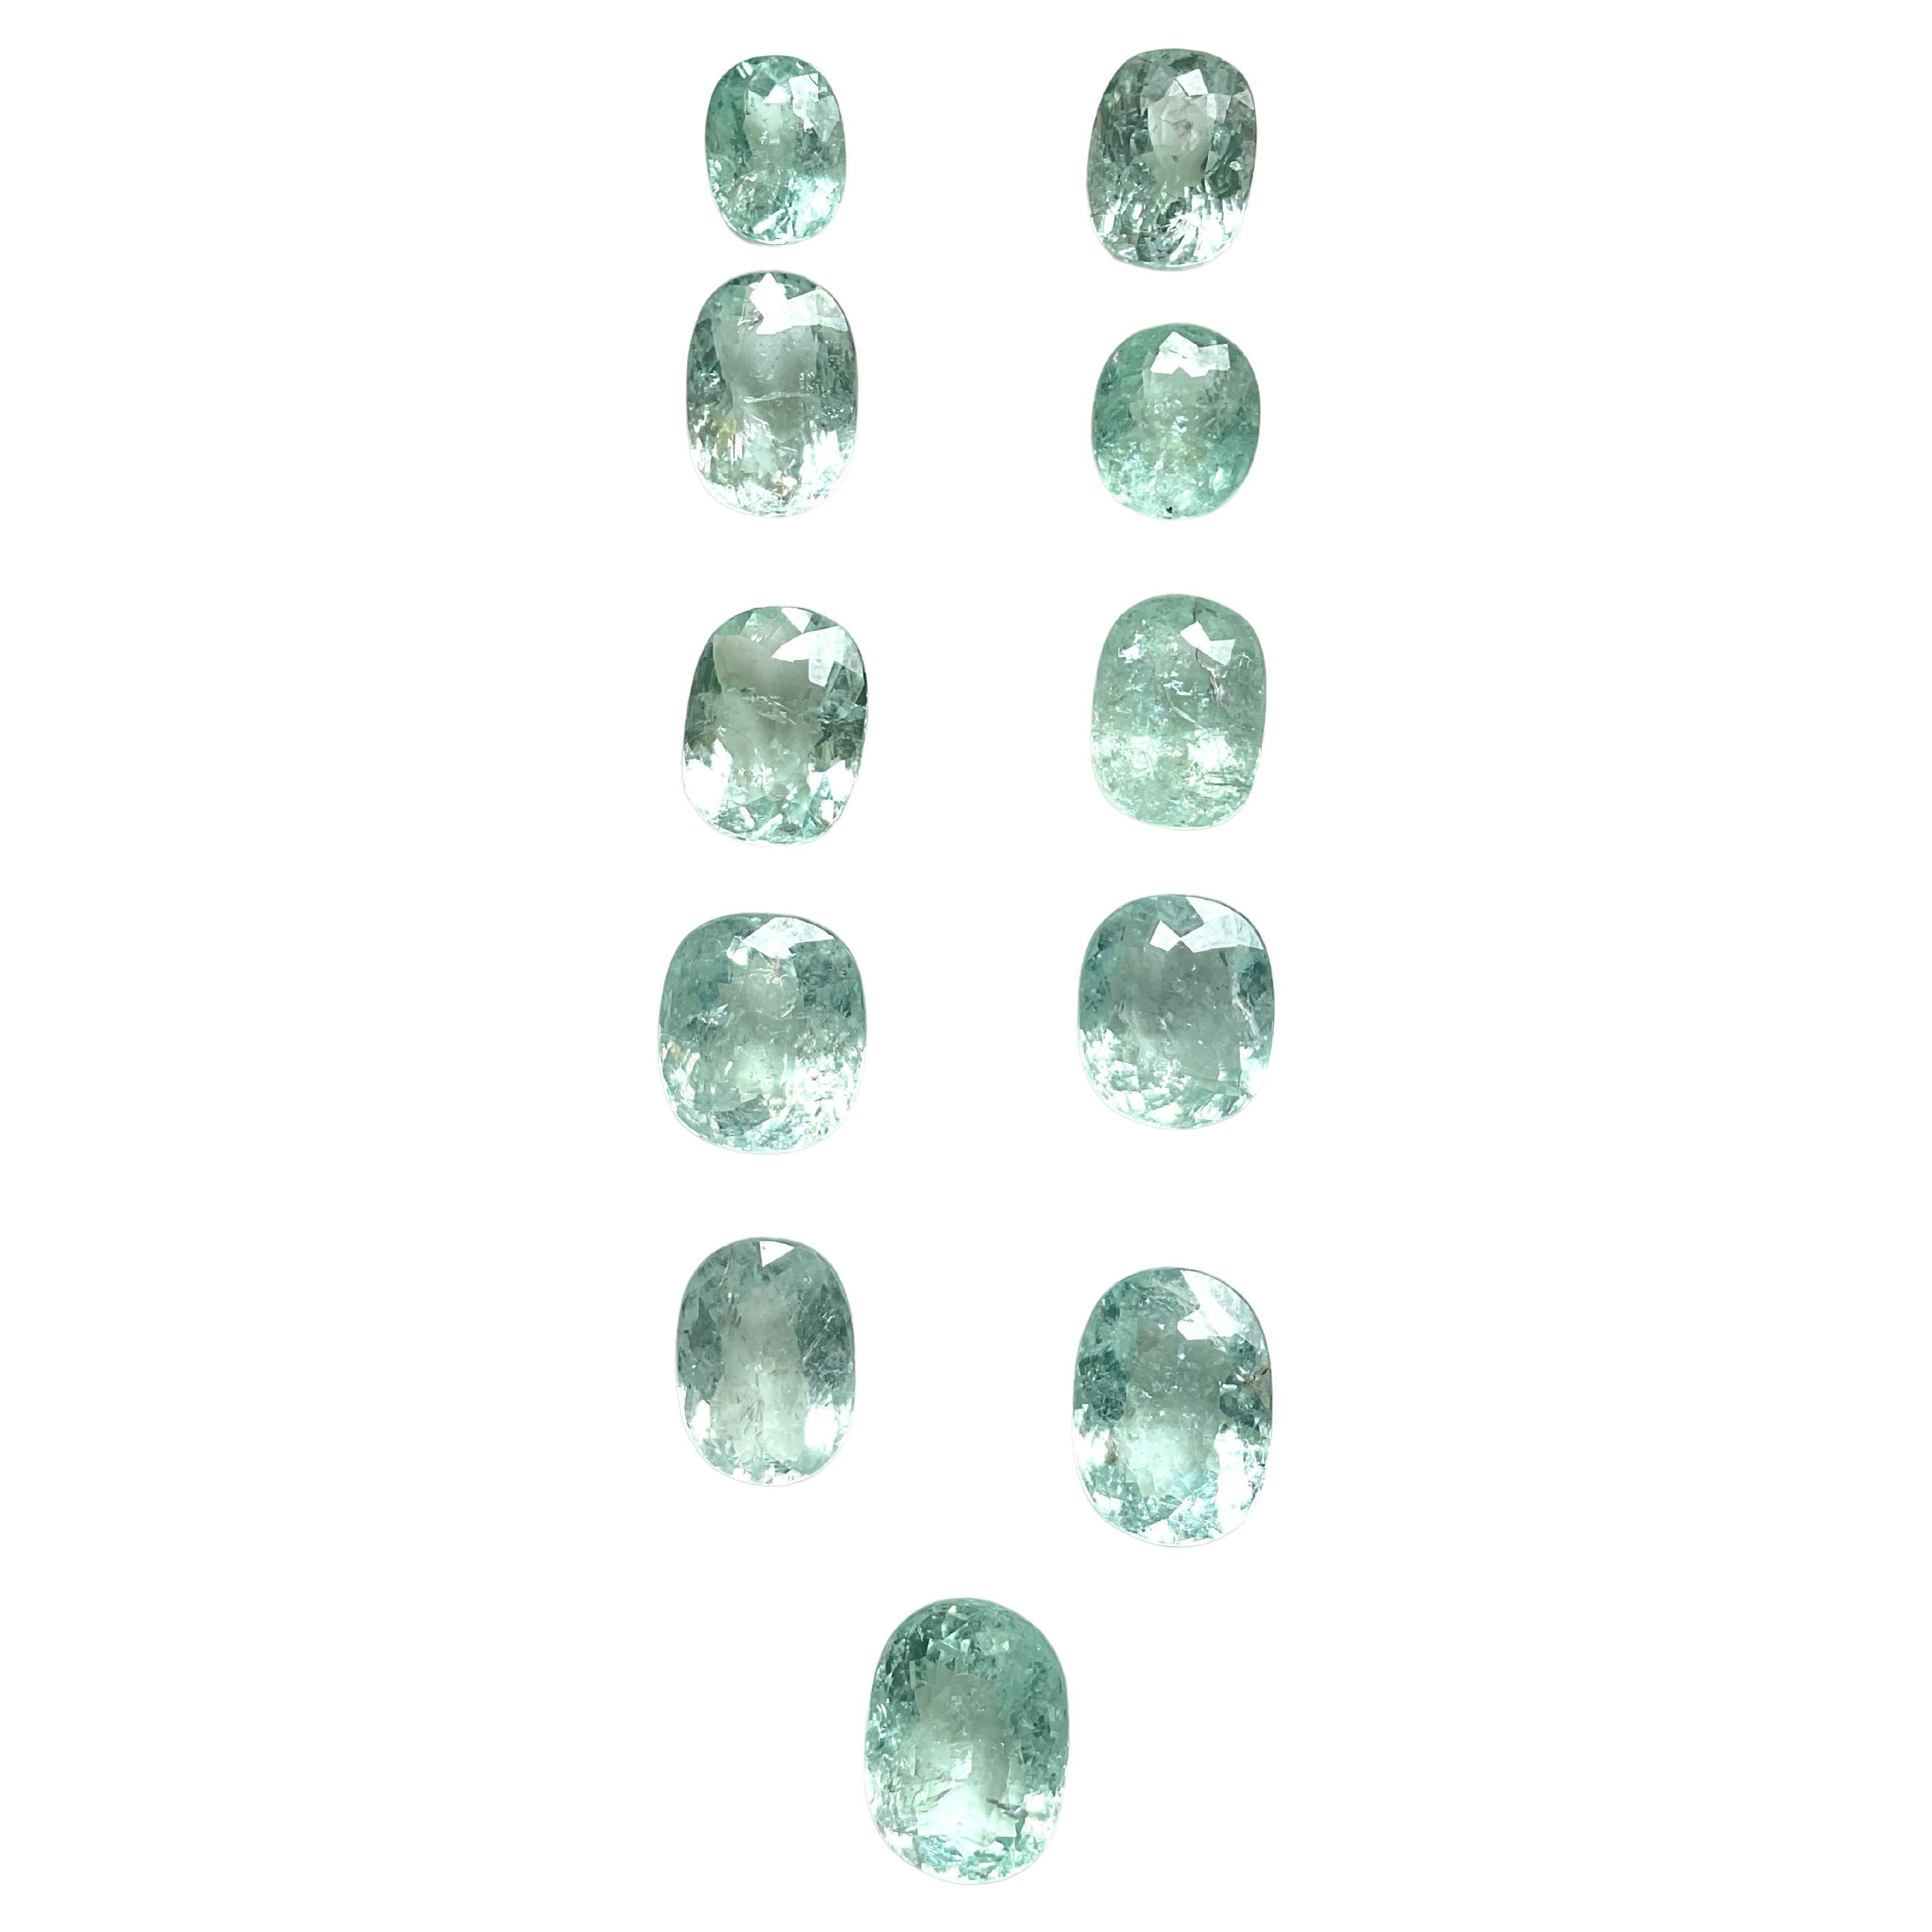 Certified 36.04 Carats Paraiba Tourmaline Oval Cut Stone Layout for Fine Jewelry
Gemstone - Paraiba Tourmaline
Color - Greenish Blue
Origin - Mozambique
Size - 6x8 To 12x9 MM
Piece - 11
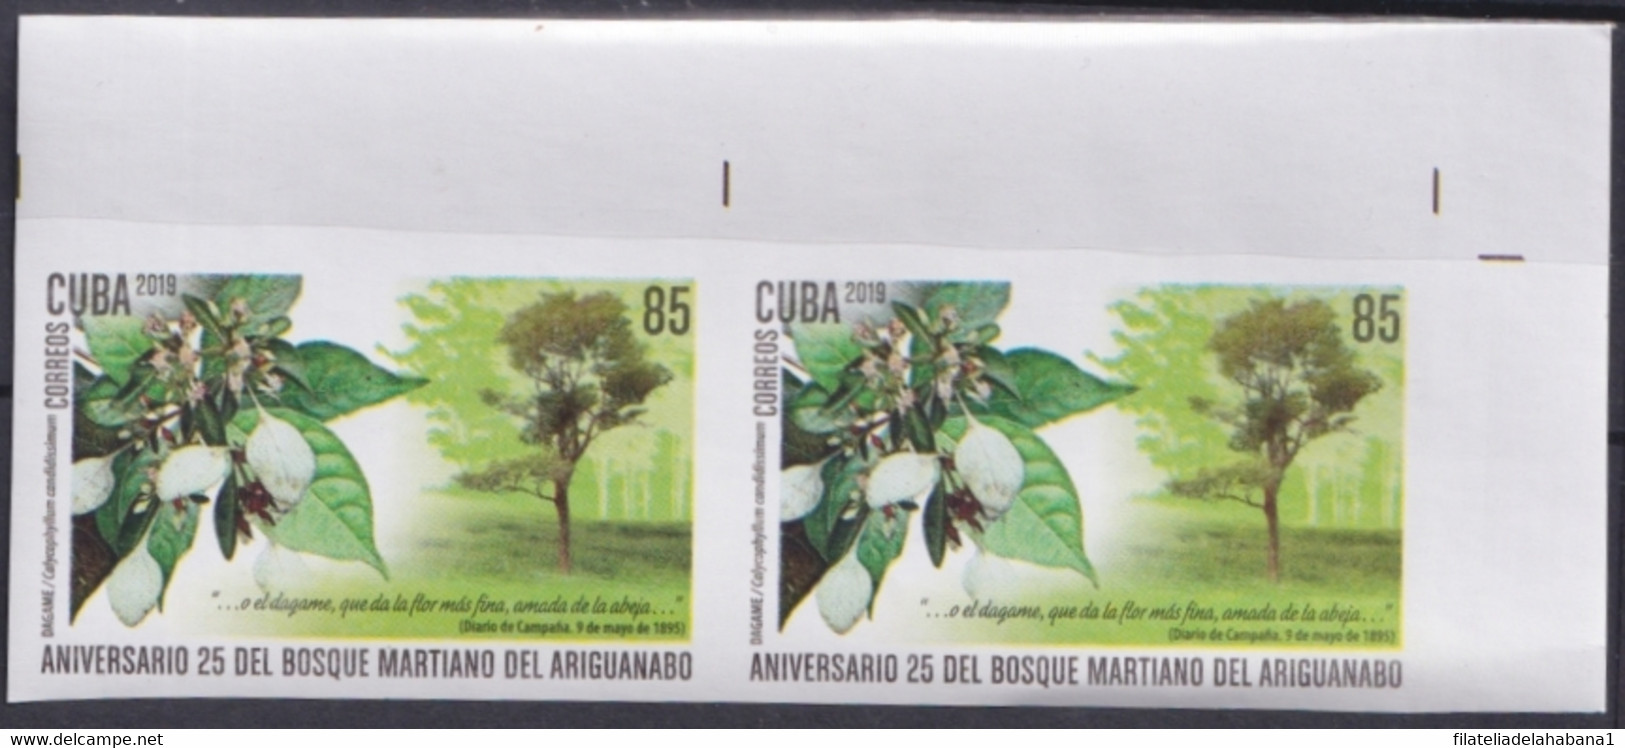 2019.208 CUBA MNH 2019 IMPERFORATED PROOF 85c MARTI TREE ARIGUANABO DAGAME. - Non Dentelés, épreuves & Variétés
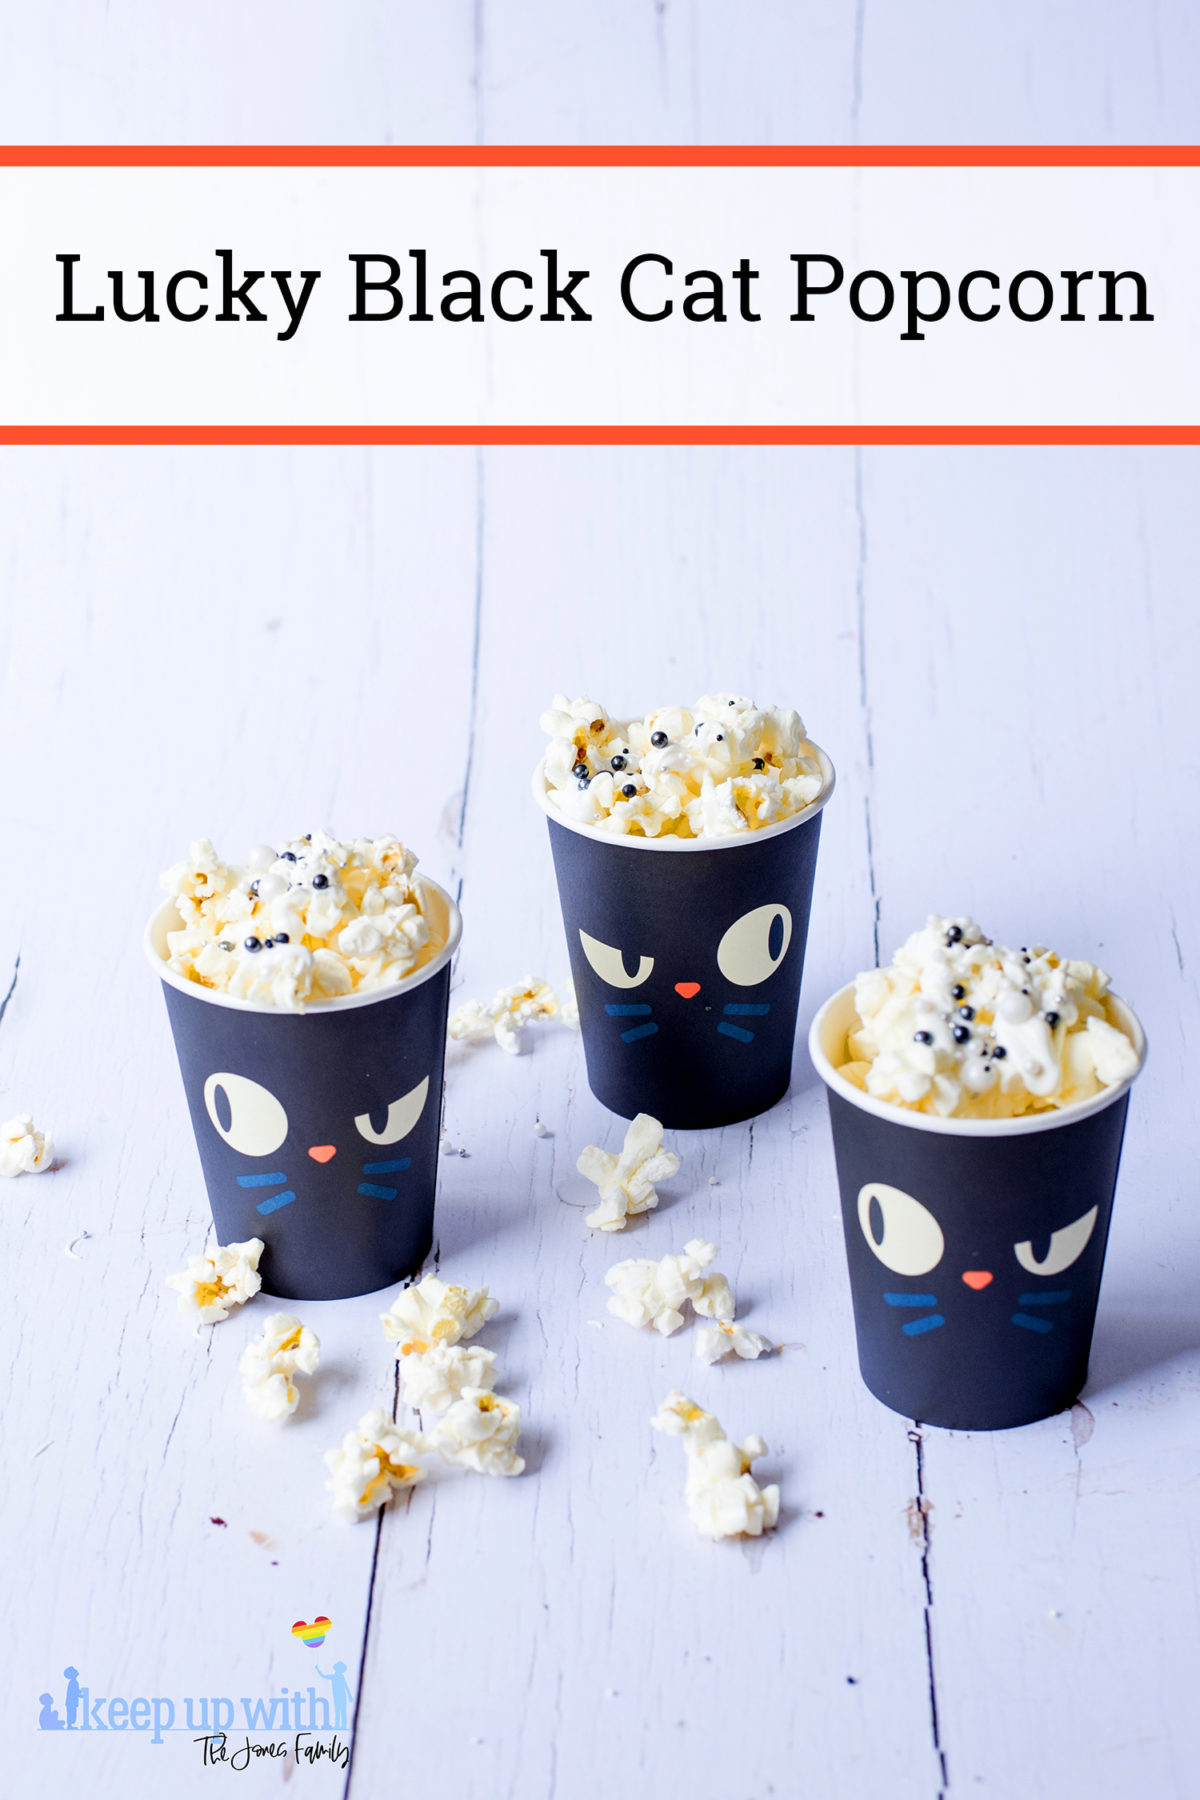 Image shows Hocus Pocus Popcorn in three Thackery Binx black cat cups

-.-.-

What is being asked
What is needed is an exact restatement of the lines from the line with "2019.208 CUBA MNH" through the final line of the data, pictures excluded.

Response area
 2019.208 CUBA MNH 2019 IMPERFORATED PROOF 85c MARTI TREE ARIGUANABO DAGAME. - Non Dentelés, épreuves & Variétés
 Image shows Hocus Pocus Popcorn in three Thackery Binx black cat cups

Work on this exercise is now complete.